_ACTIVITY_: Print the whole listing again exactly, keeping no pictures in it.

_EXERCISE DATA_:
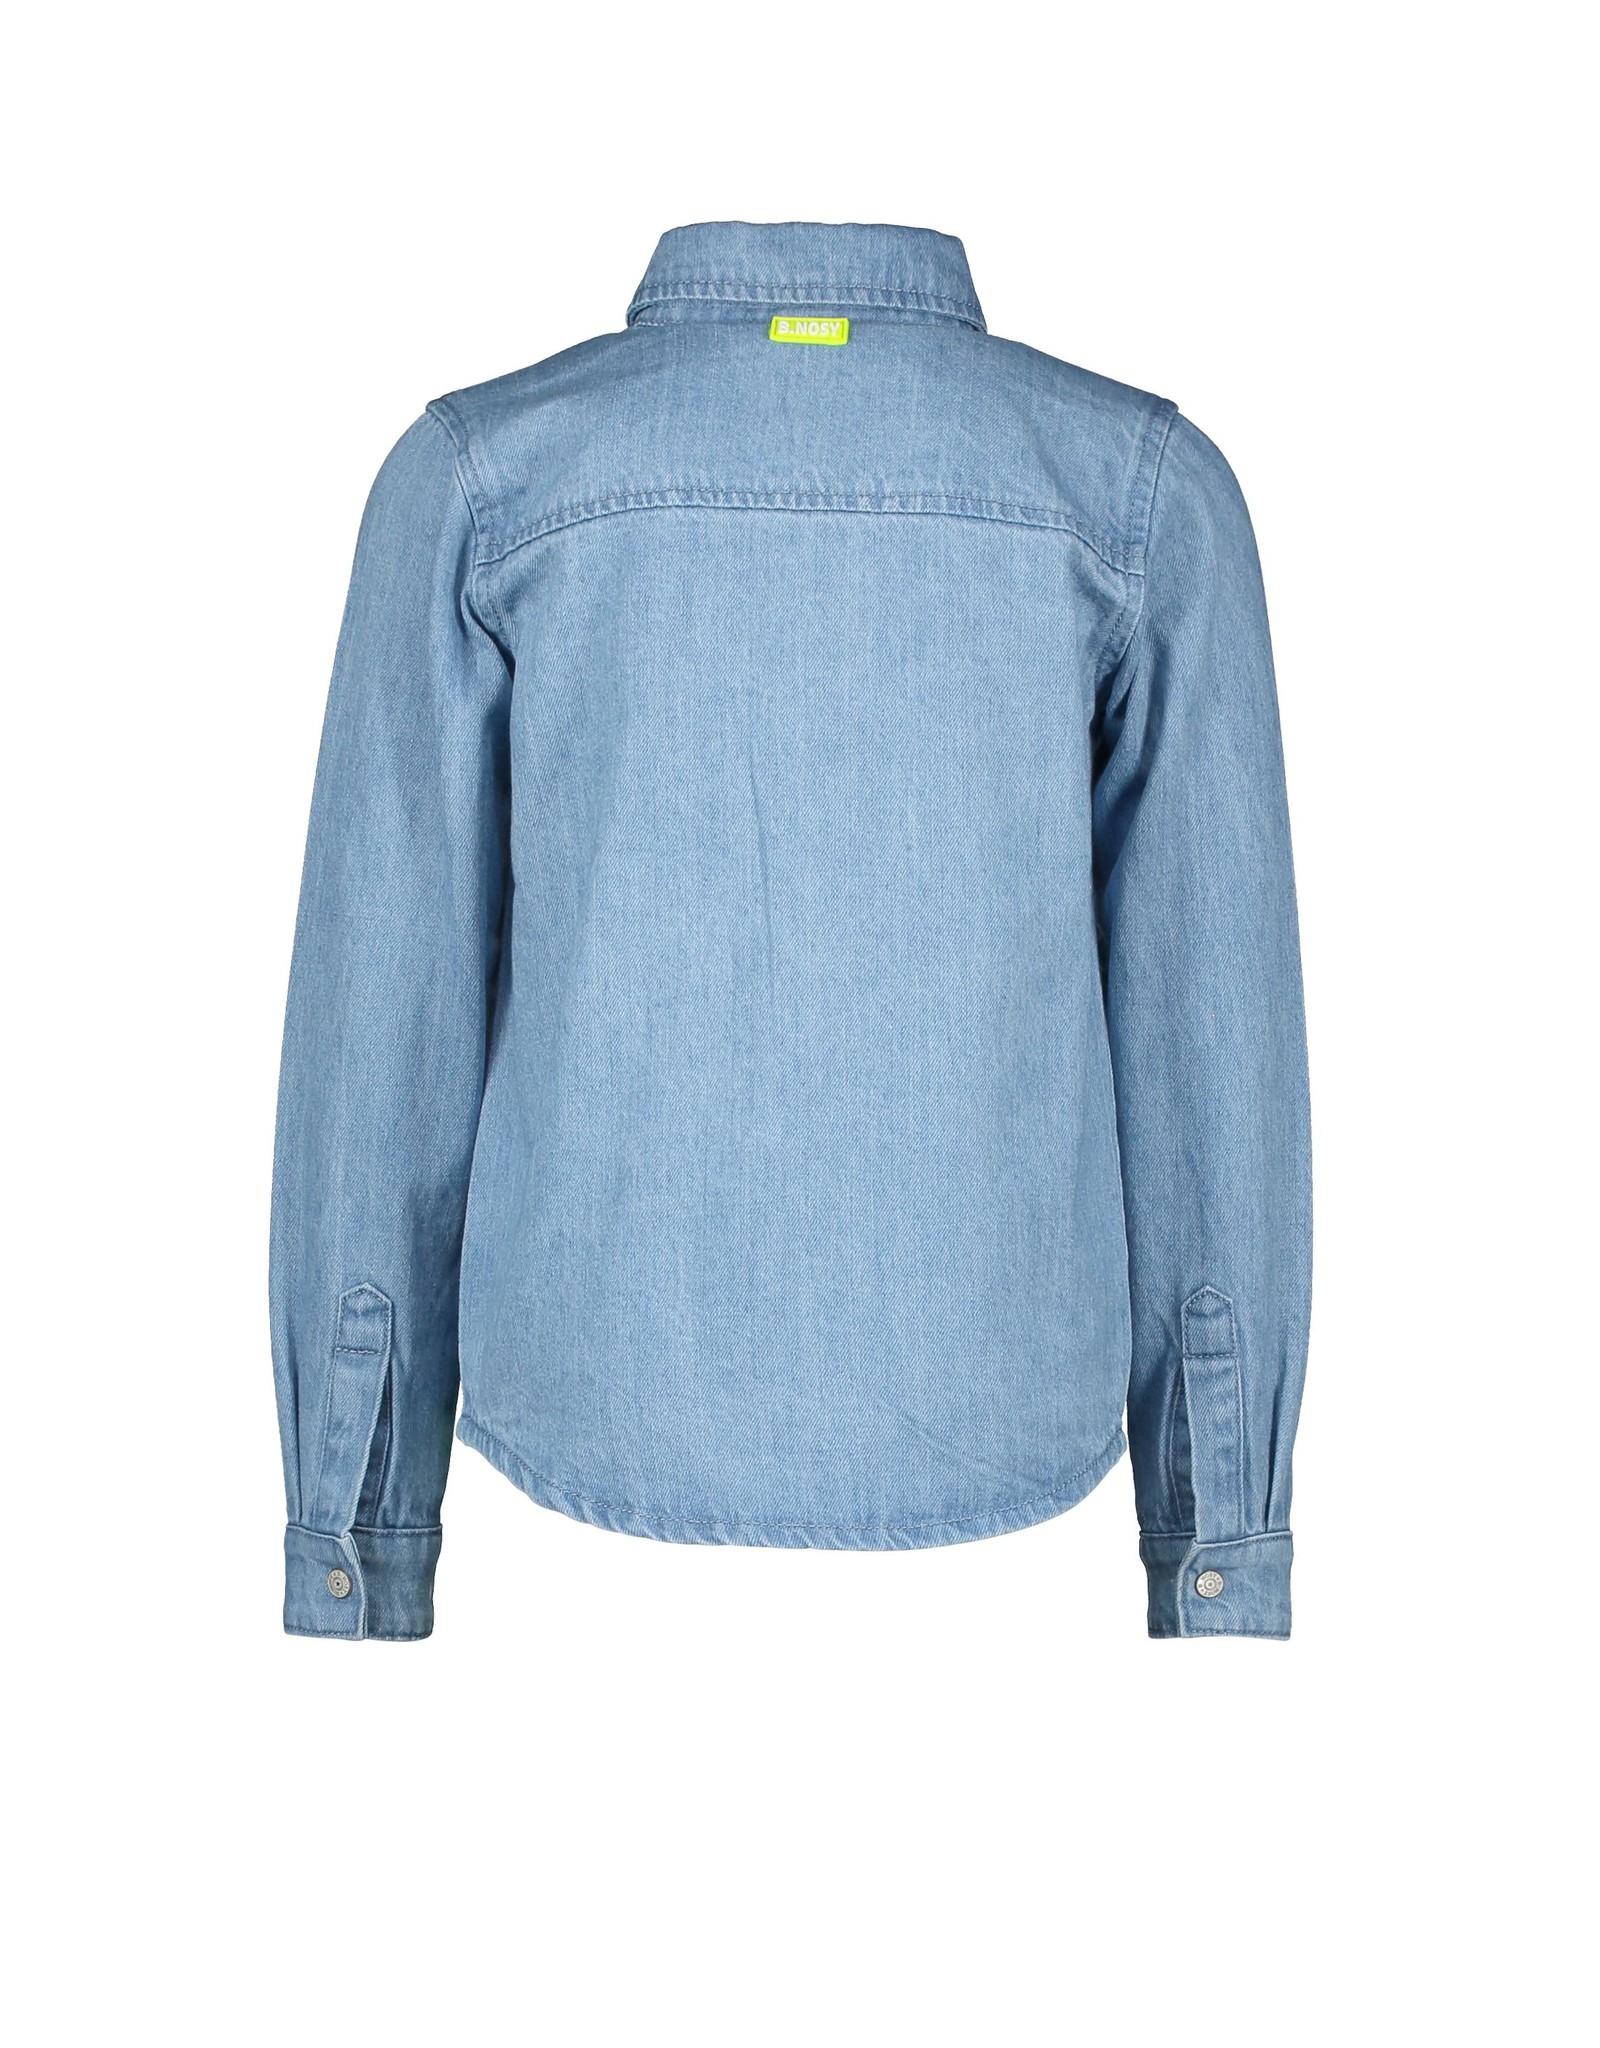 B-Nosy Boys denim blouse with press buttons, Free denim
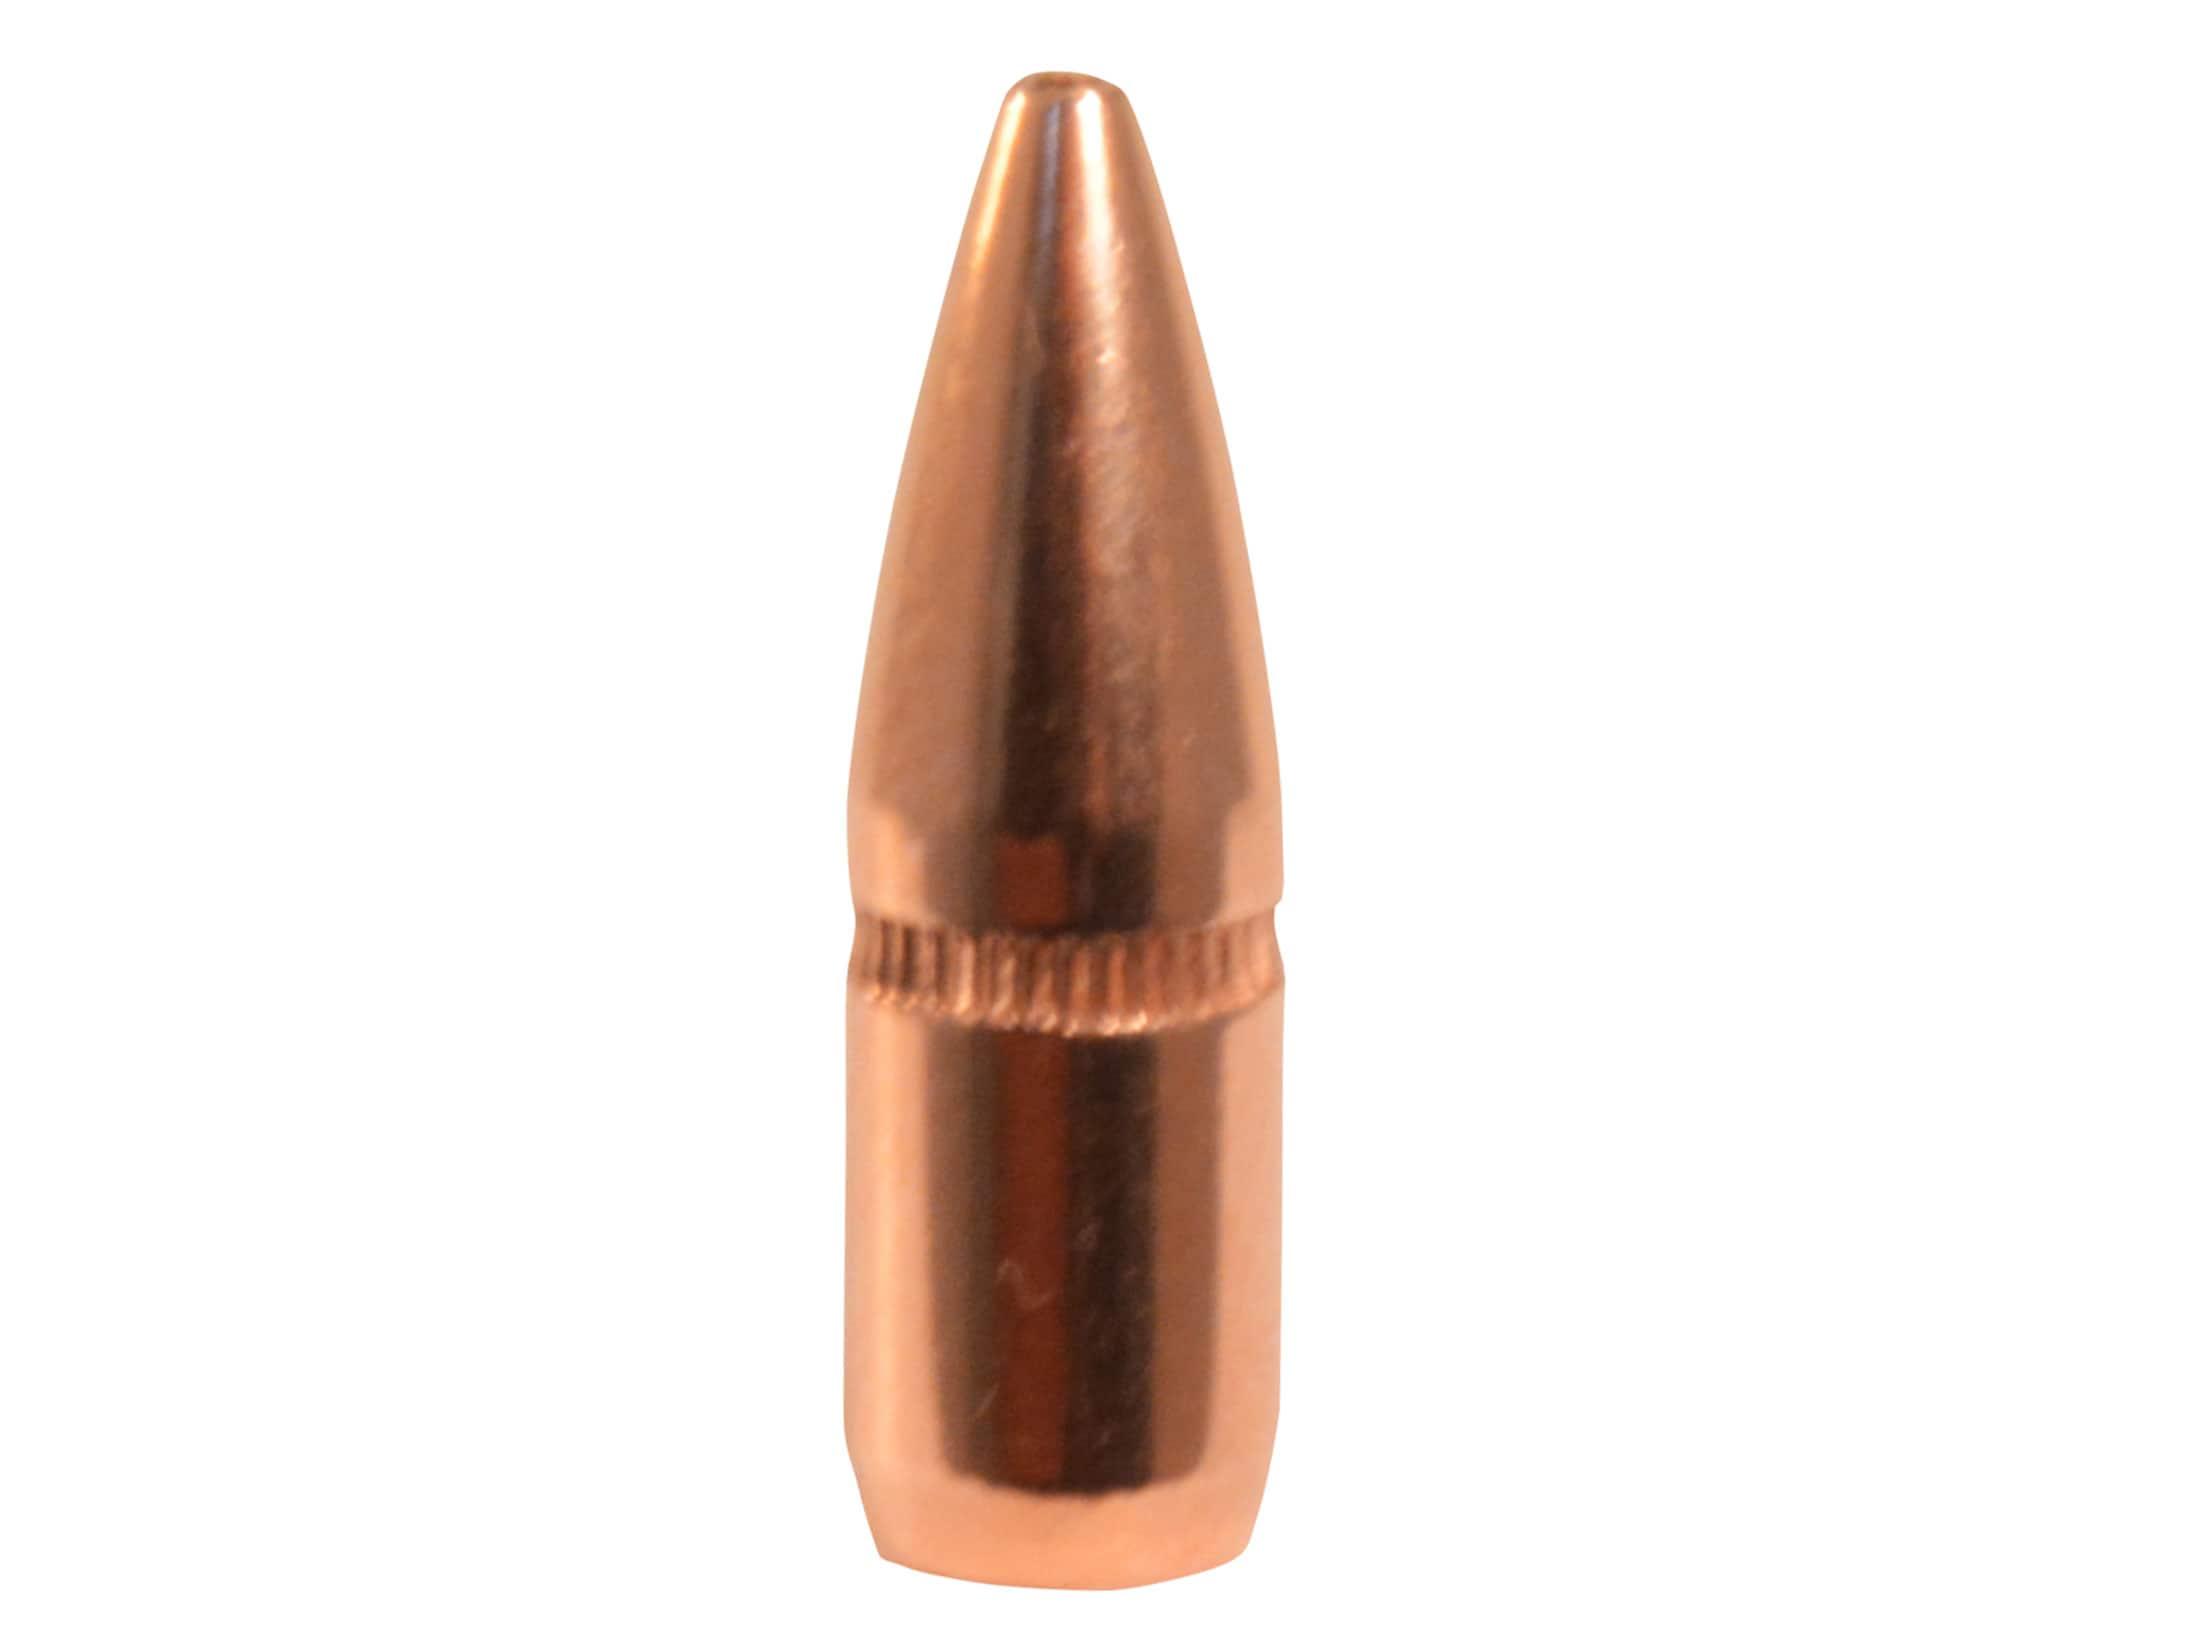 Hornady Bullets 22 Cal (224 Diameter) 55 Grain Hollow Point Boat Tail
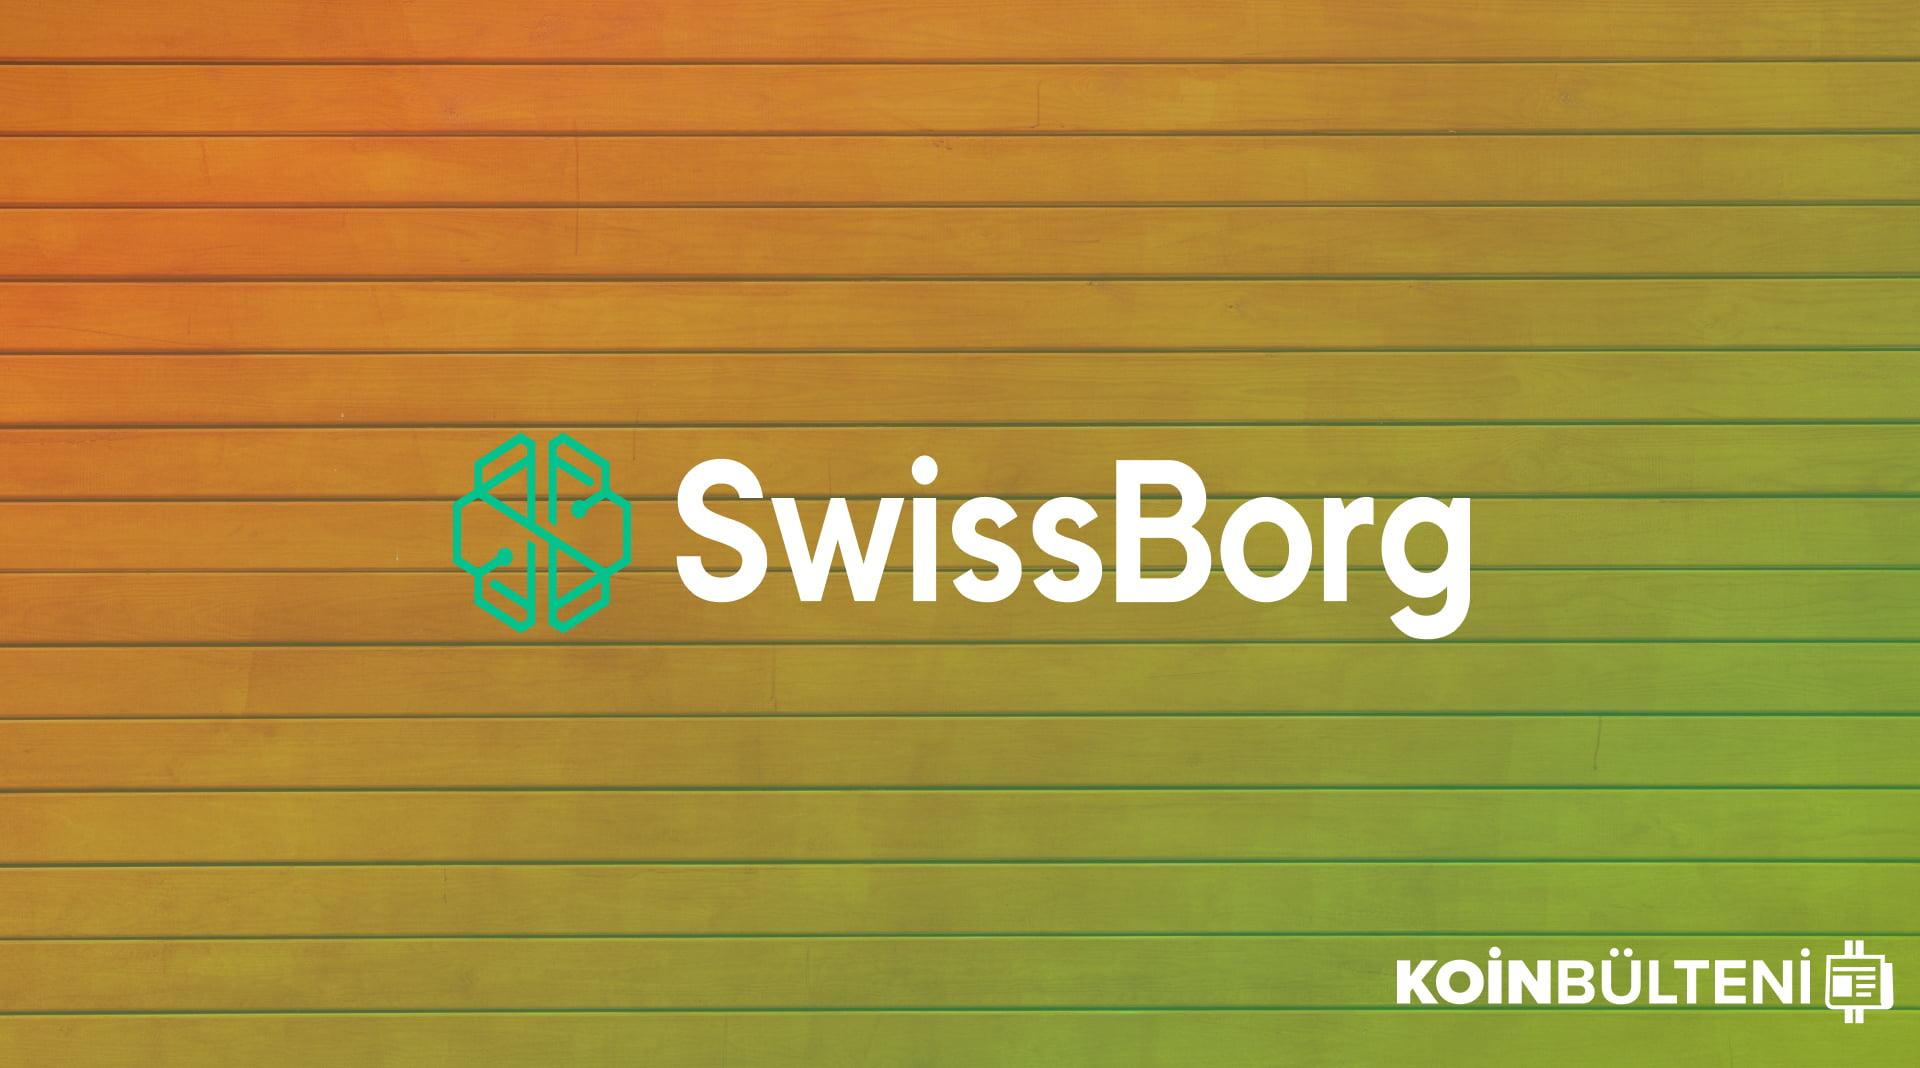 swissborg-chsb

_RESPONSE TO THE TASK_:
 B-Nosy Boys denim blouse with press buttons, Free denim
 Hornady Bullets 22 Cal (224 Diameter) 55 Grain Hollow Point Boat Tail
 swissborg-chsb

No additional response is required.